[Top][All Lists]
[Date Prev][Date Next][Thread Prev][Thread Next][Date Index][Thread Index]
[Groff] Re: non-ASCII chars and grohtml
From: |
Gaius Mulley |
Subject: |
[Groff] Re: non-ASCII chars and grohtml |
Date: |
24 Nov 2004 12:06:41 +0000 |
User-agent: |
Gnus/5.09 (Gnus v5.9.0) Emacs/21.2 |
Werner LEMBERG <address@hidden> writes:
> Gaius,
>
>
> if I say
>
> \X'html:ü'
>
> I get
>
> x X html:ü
>
> in the intermediate troff output file. With other words, the \X
> escape passes `ü' unmodified. This is a problem, since grohtml
> expects ASCII input only. We have no possibility in GNU troff to
> convert `ü' to `\[:u]' in the `mouth' (to use TeX's terminology), so I
> suggest that you add a warning to grohtml, something like this:
>
> Charset `US-ASCII' doesn't contain character code 0xFC (`ü')
ok
> Additionally, we need a new tag `html:charset' which sets the
> `charset' attribute in the <meta> command. Then a string
> `.input-encoding' (the leading dot shall indicate that this string is
> meant as read-only) should be added to the latinX.tmac files which can
> be used in www.tmac to set the tag automatically:
>
> .tag "html:charset \*[.input-encoding]
>
> The whole issue is a bit tricky; for example, I suggest to allow at
> most one call to `.tag html:charset...' for simplicity.

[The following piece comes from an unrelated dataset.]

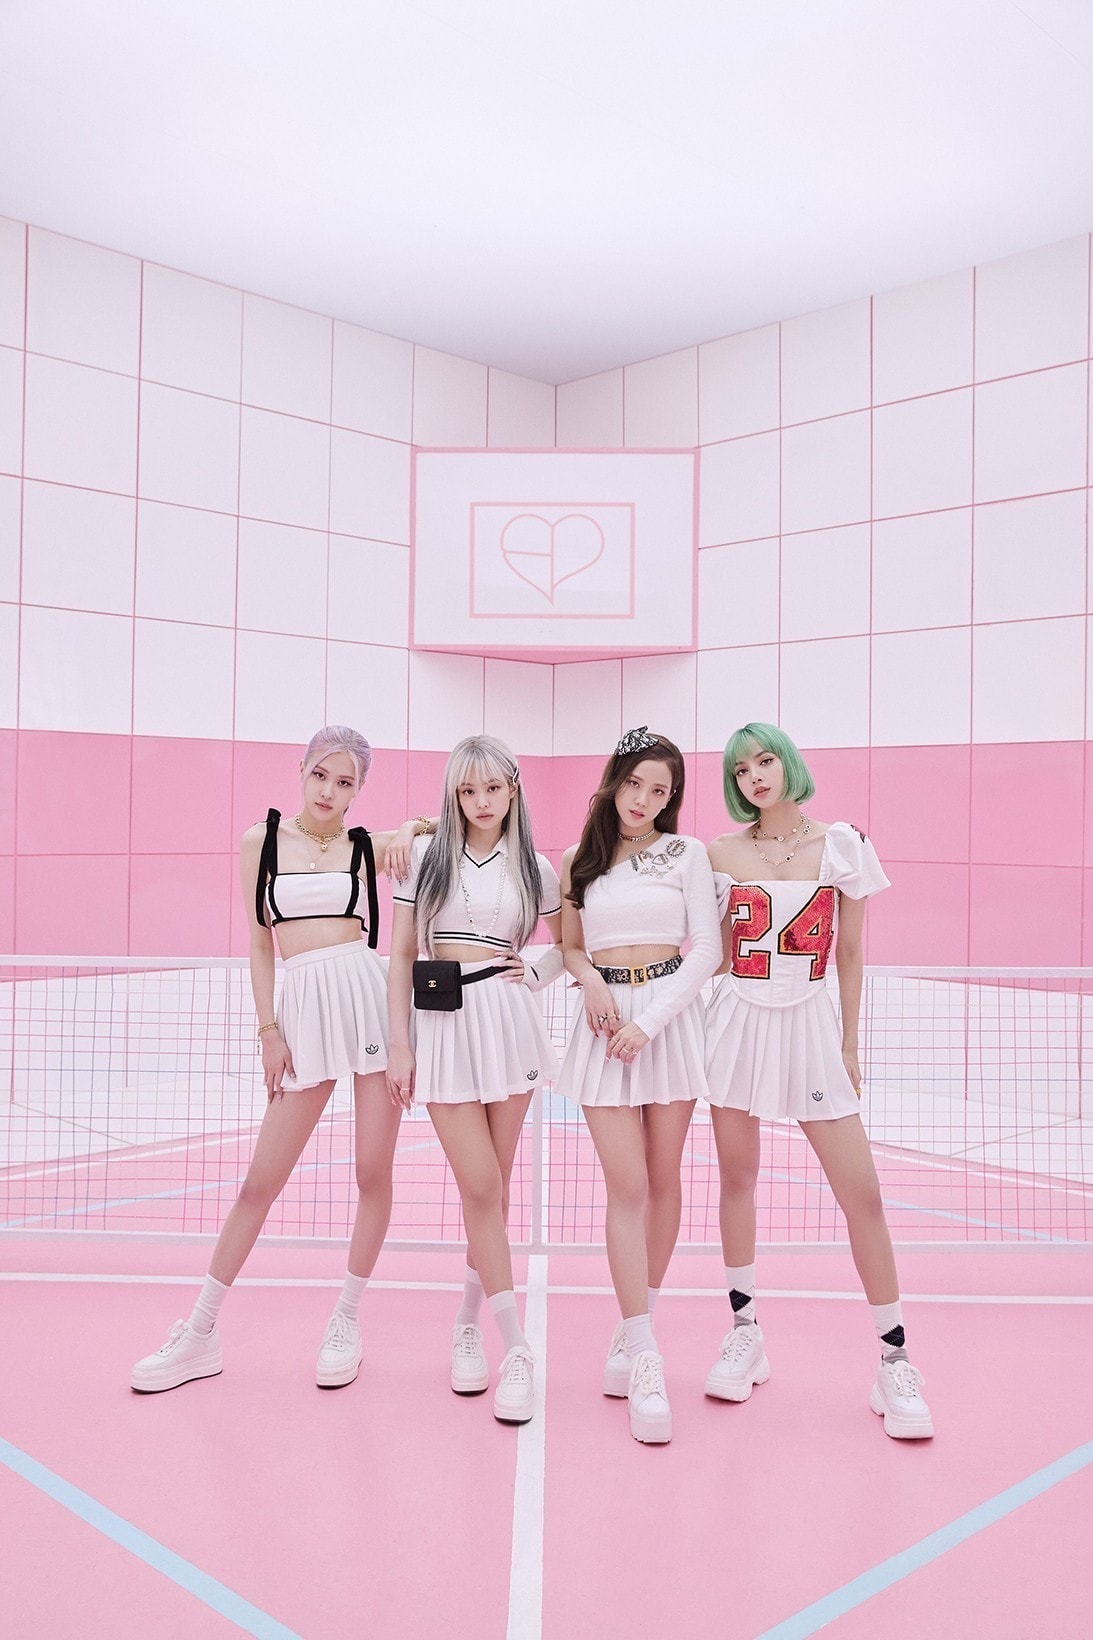 BLACKPINK takes a step towards eco-friendly album consumption with BORN PINK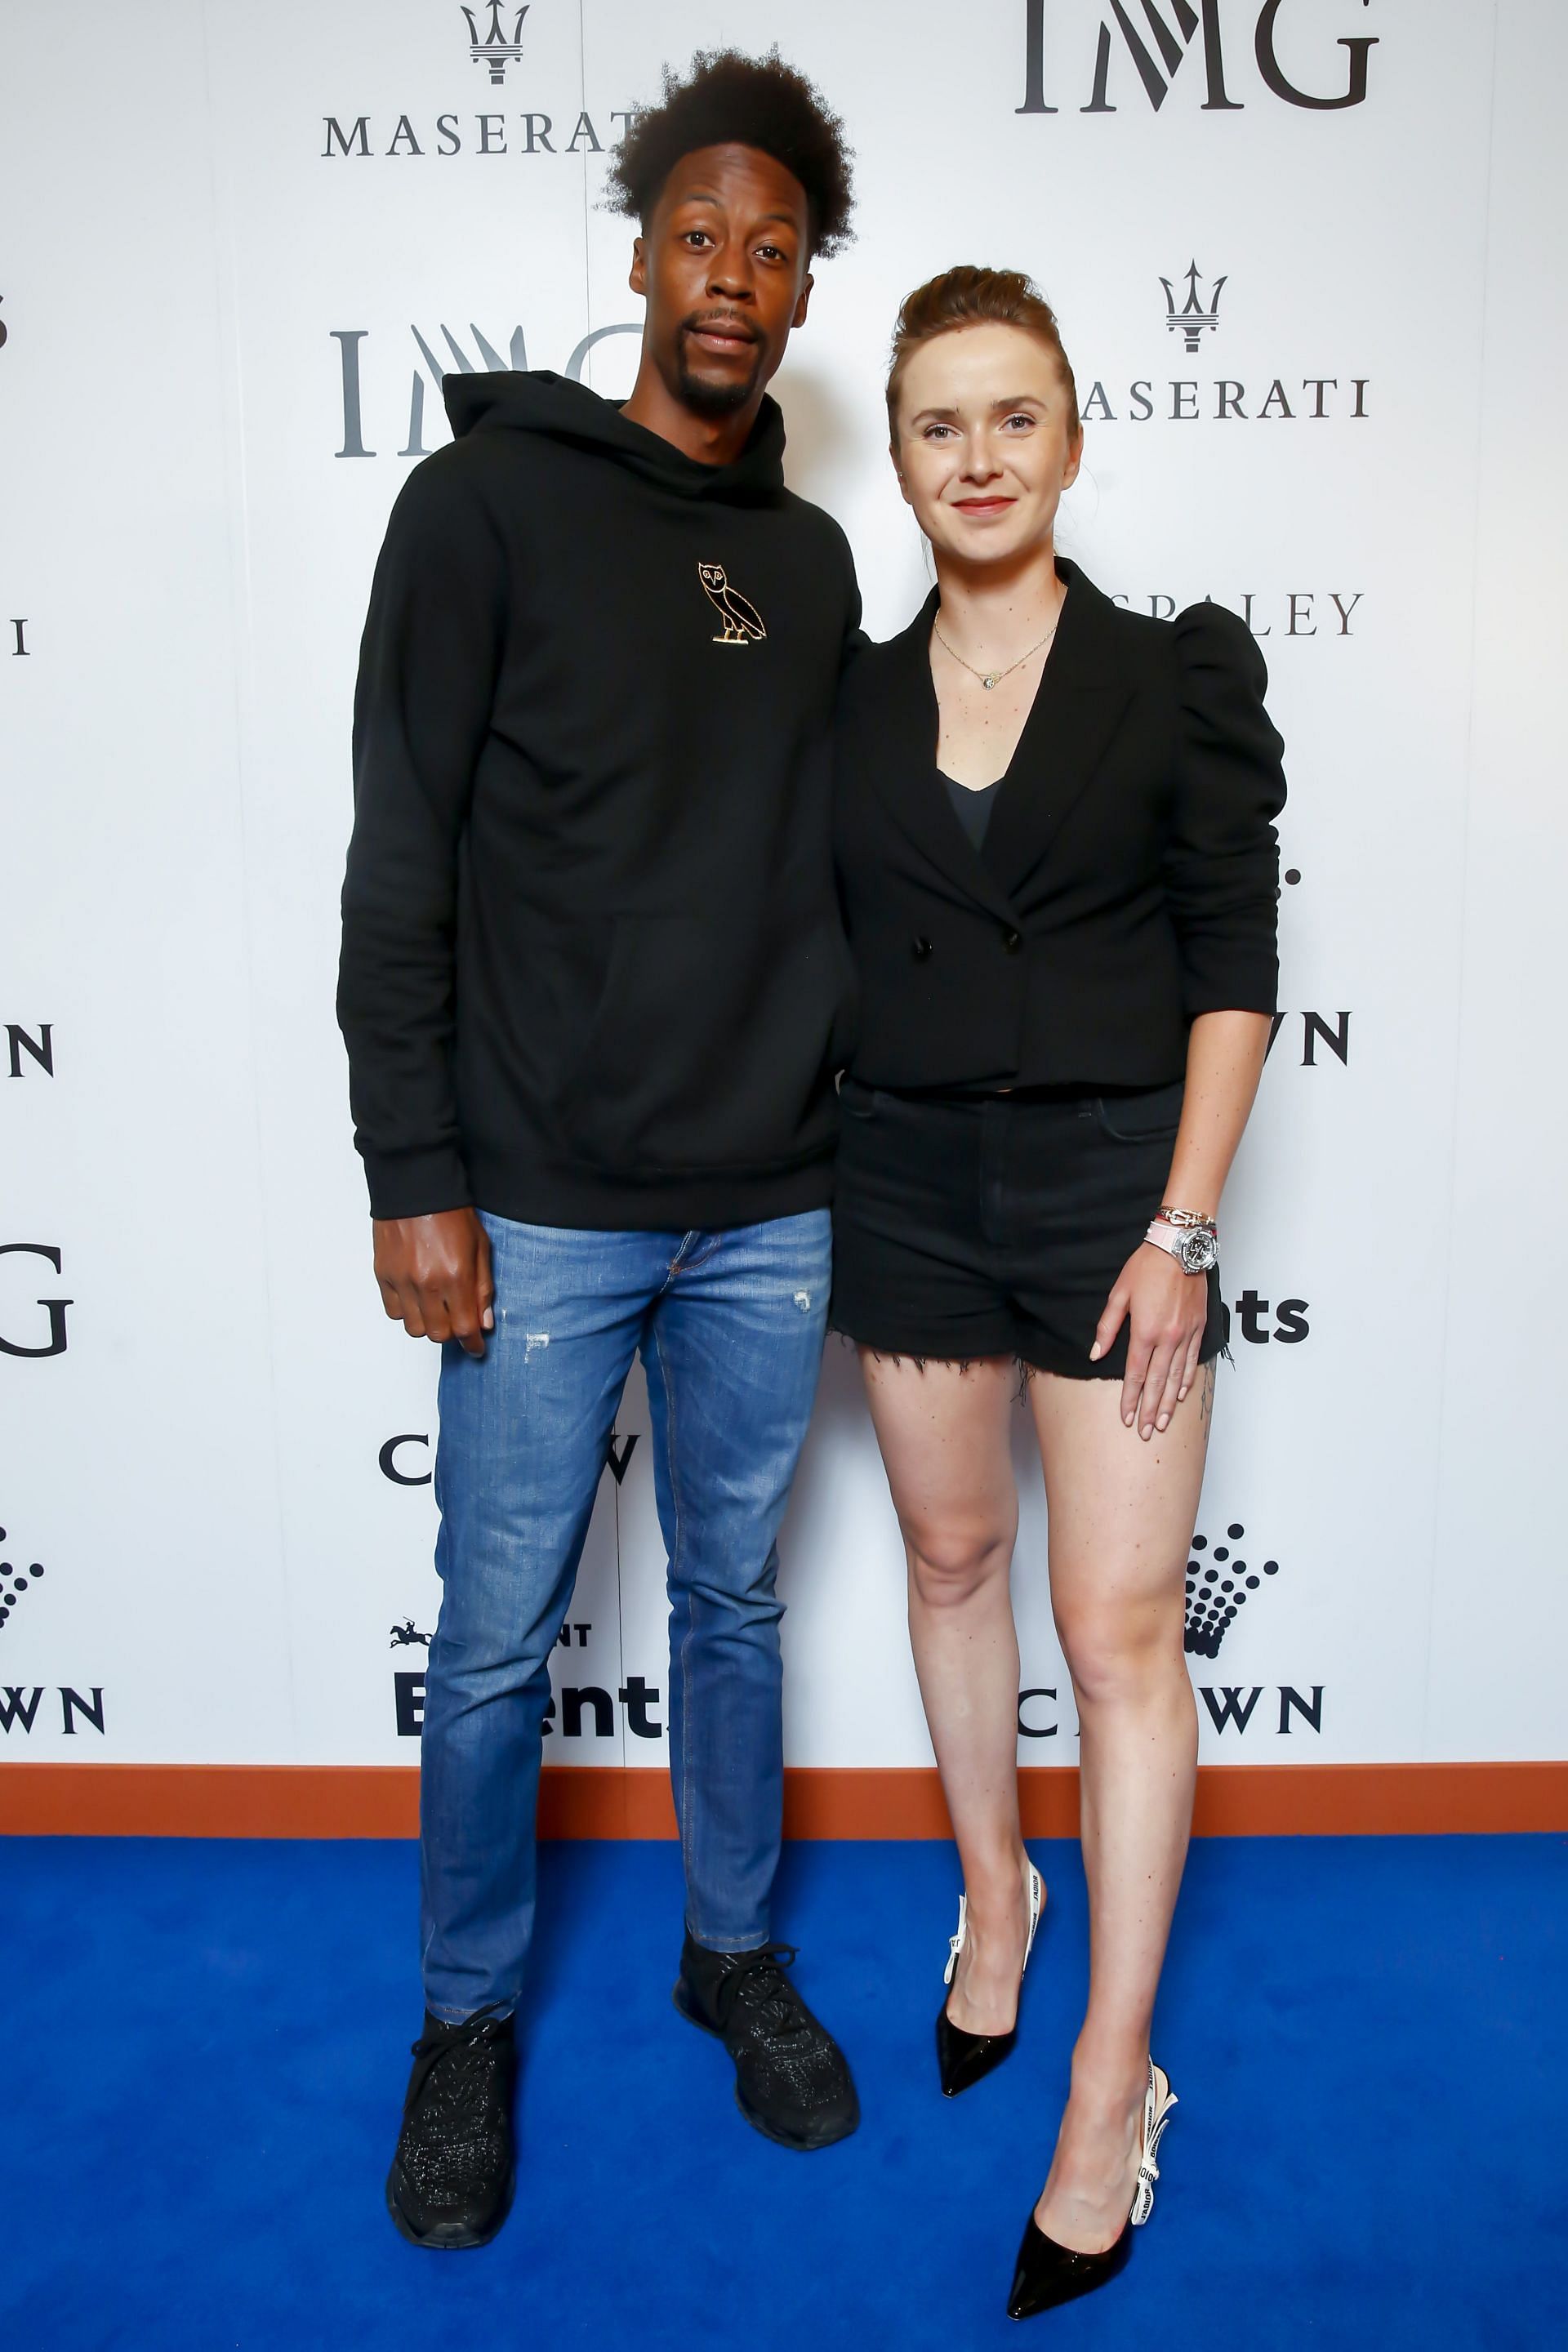 Gael Monfils and Elina Svitolina - Crown IMG Tennis Party

Another
> problem is how to determine the valid character ranges -- shall this
> be built into grohtml? Or shall my proposed html:charset tag look
> like this:
>
> html:charset <name> <start1> <end1> <start2> <end2> ...
>
> so that grohtml can be dumb, and the latinX.tmac define the proper
> ranges via \*[.input-encoding]?
this is certainly a good idea. Grohtml would still have to check the
ranges of legal characters though, but this is easy - just not quite
as easy as testing for ch < 0x80 :-)
> Of course, the simplest solution is to disallow characters >= 0x80
> completely in the `html:...' tag, but a user may wonder why she can
> use `ü' everywhere in the document except in .URL and friends (and
> switching to UTF8 in the future needs additional changes).
yes I think your html:charset method outlined above is the way to
go..
Gaius